◆ **Directions**
Repeat the lines below exactly as written, please, from the line with "Page 4 of doujinshi" to the line with "Jaguar (Panthera onca)", both lines included, and no others.

◆ **Exercise materials**
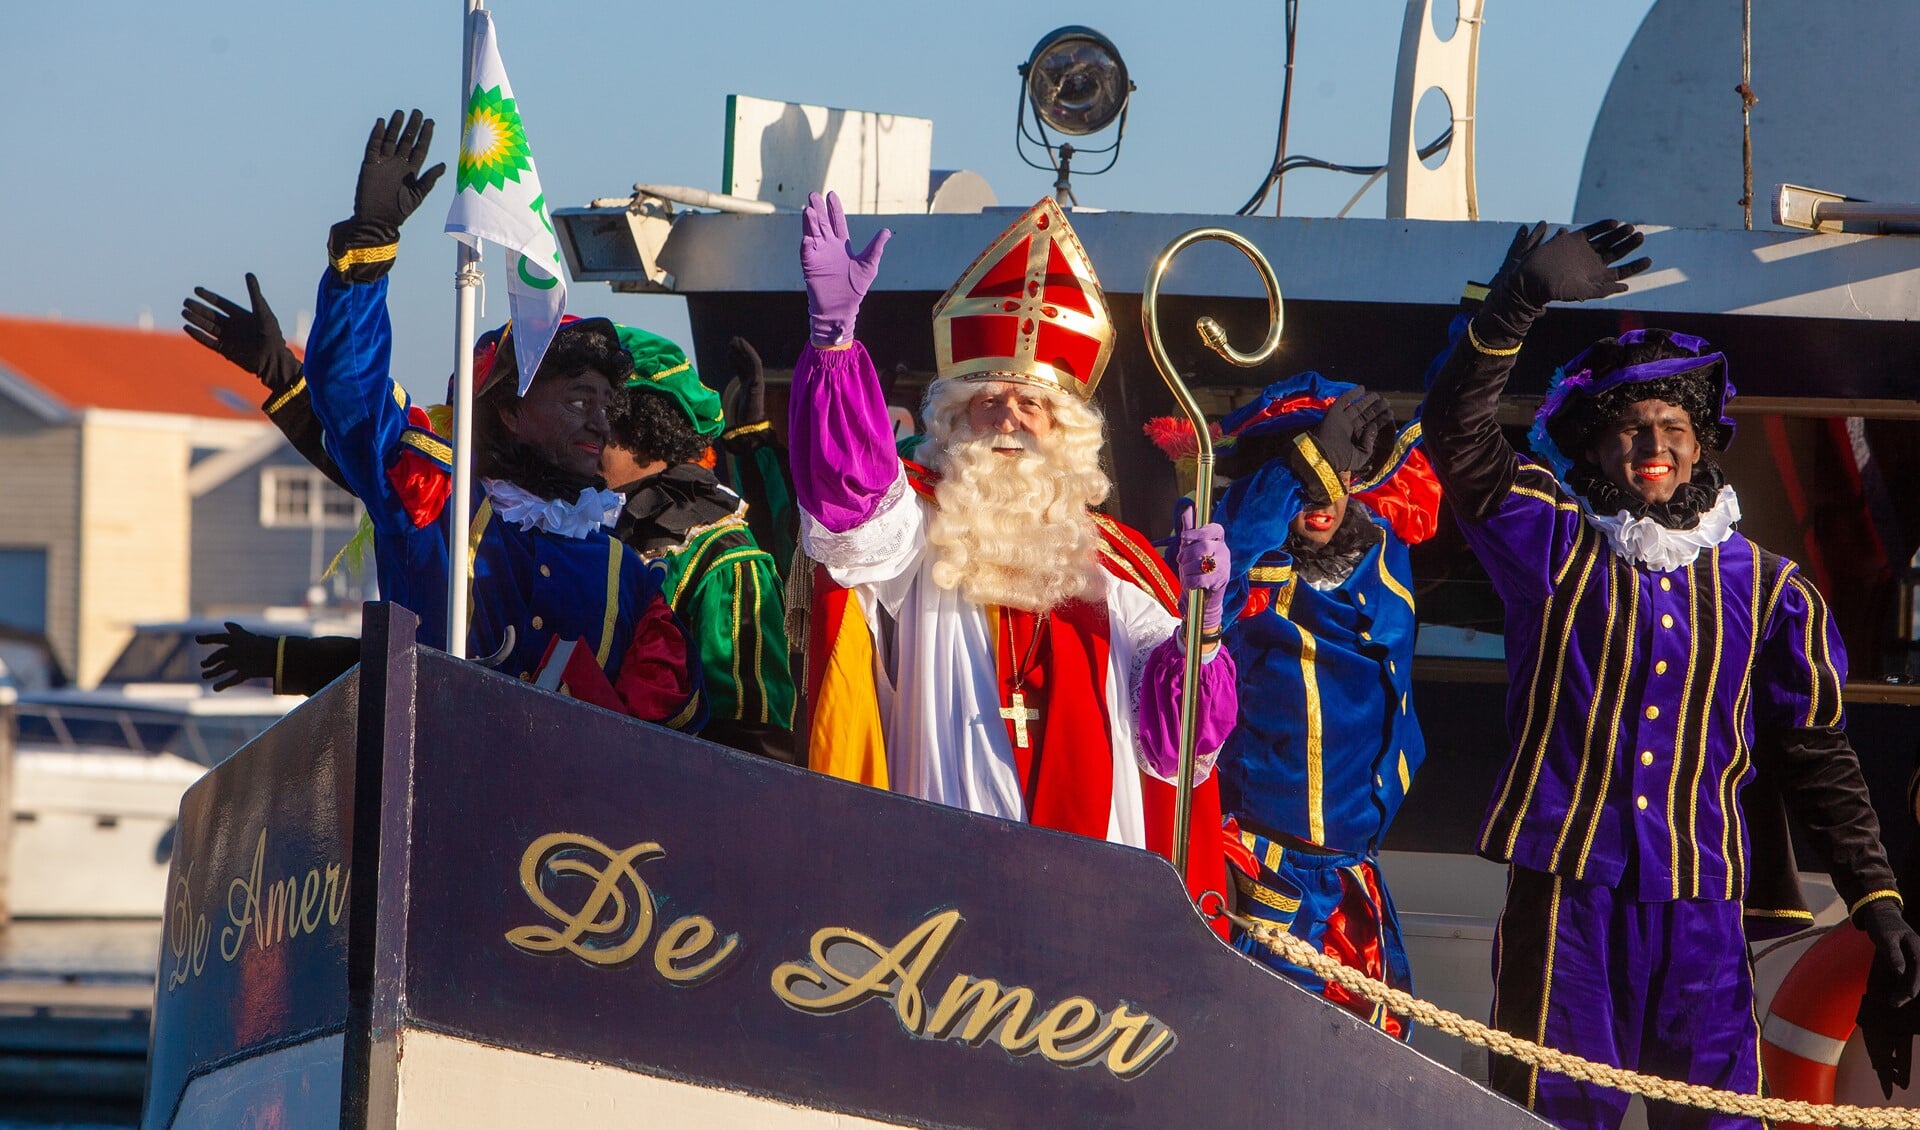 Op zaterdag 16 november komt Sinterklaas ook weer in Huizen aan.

---

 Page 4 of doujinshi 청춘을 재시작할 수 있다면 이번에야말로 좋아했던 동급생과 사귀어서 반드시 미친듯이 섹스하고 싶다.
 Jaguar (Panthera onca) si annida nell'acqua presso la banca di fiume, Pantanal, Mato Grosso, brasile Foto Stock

---

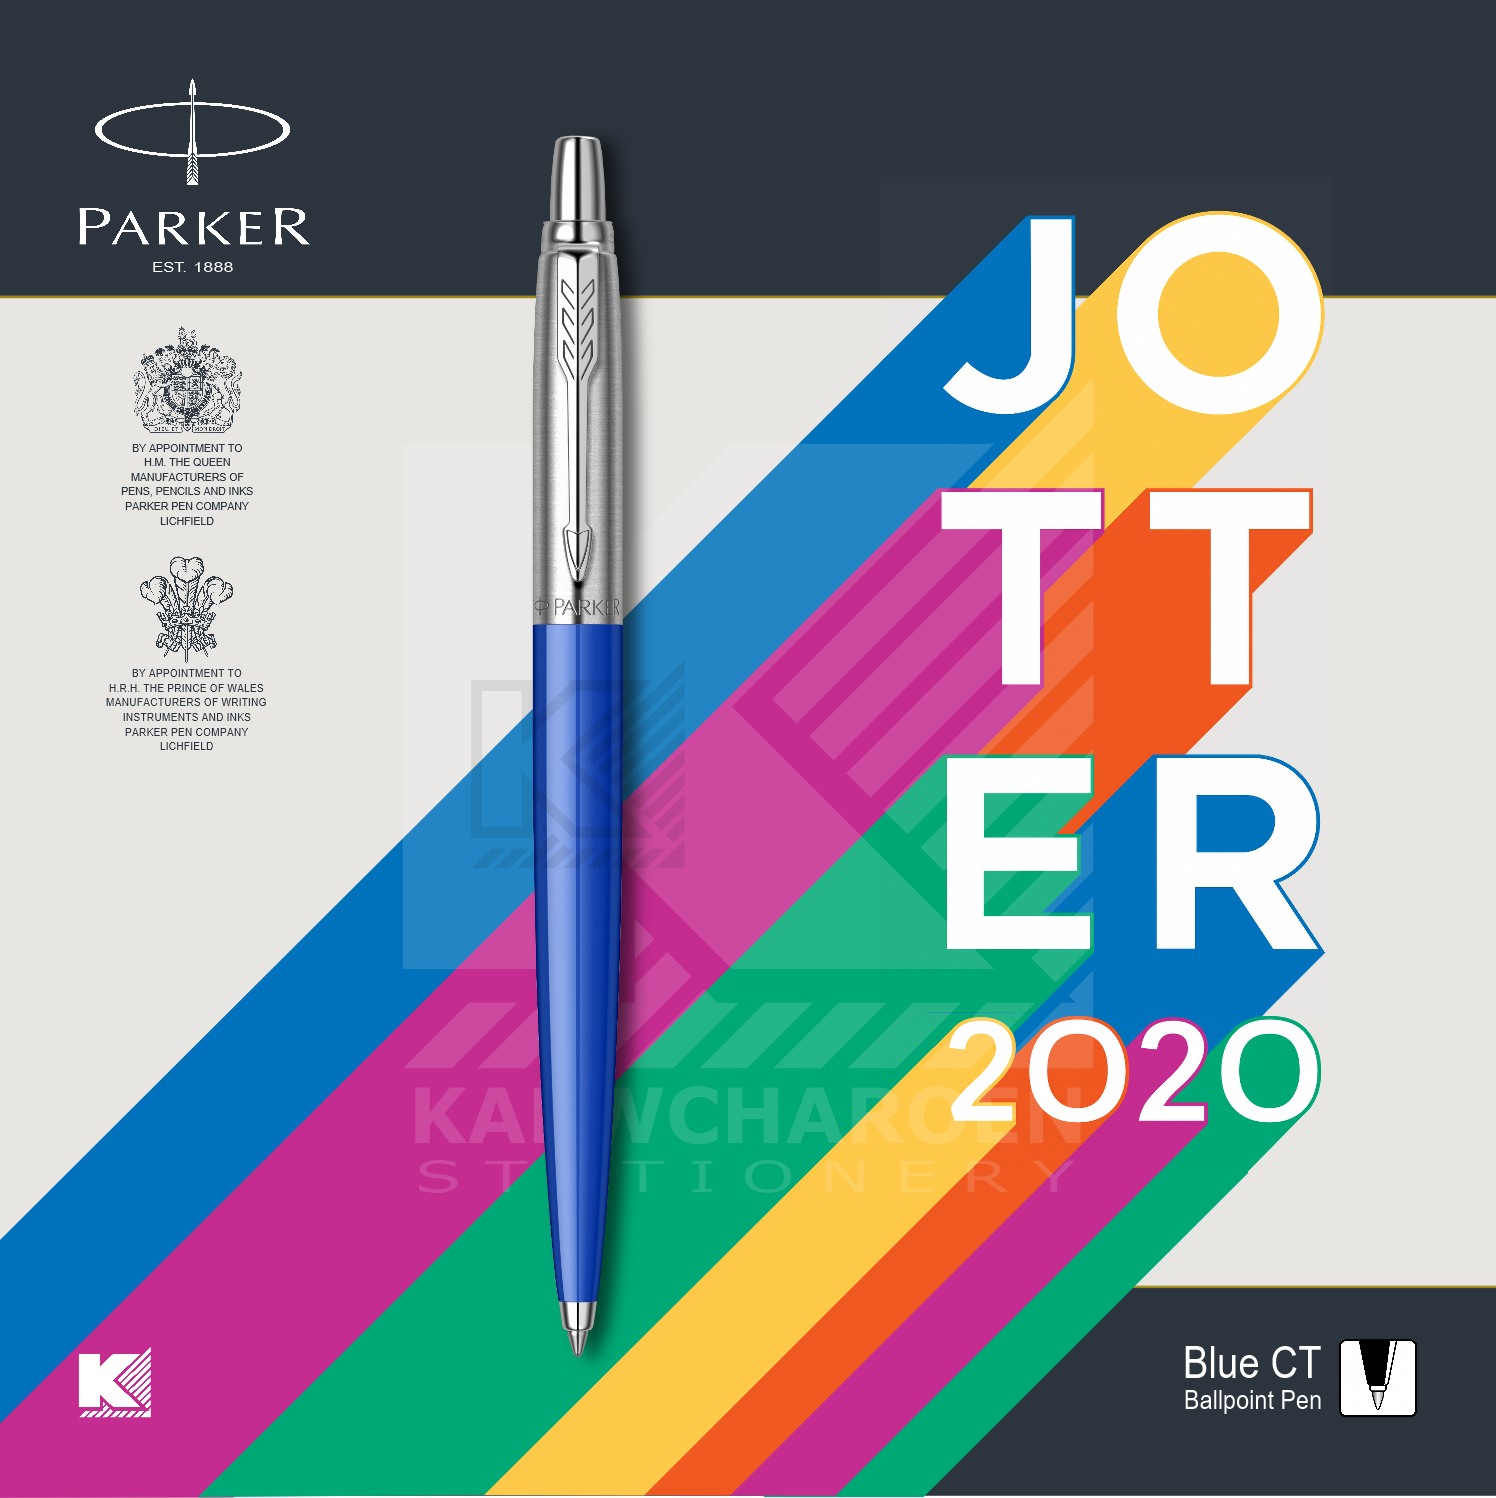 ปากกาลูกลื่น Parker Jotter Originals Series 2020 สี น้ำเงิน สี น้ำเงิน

◆ **Expected answer**
 Page 4 of doujinshi 청춘을 재시작할 수 있다면 이번에야말로 좋아했던 동급생과 사귀어서 반드시 미친듯이 섹스하고 싶다.
 Jaguar (Panthera onca) si annida nell'acqua presso la banca di fiume, Pantanal, Mato Grosso, brasile Foto Stock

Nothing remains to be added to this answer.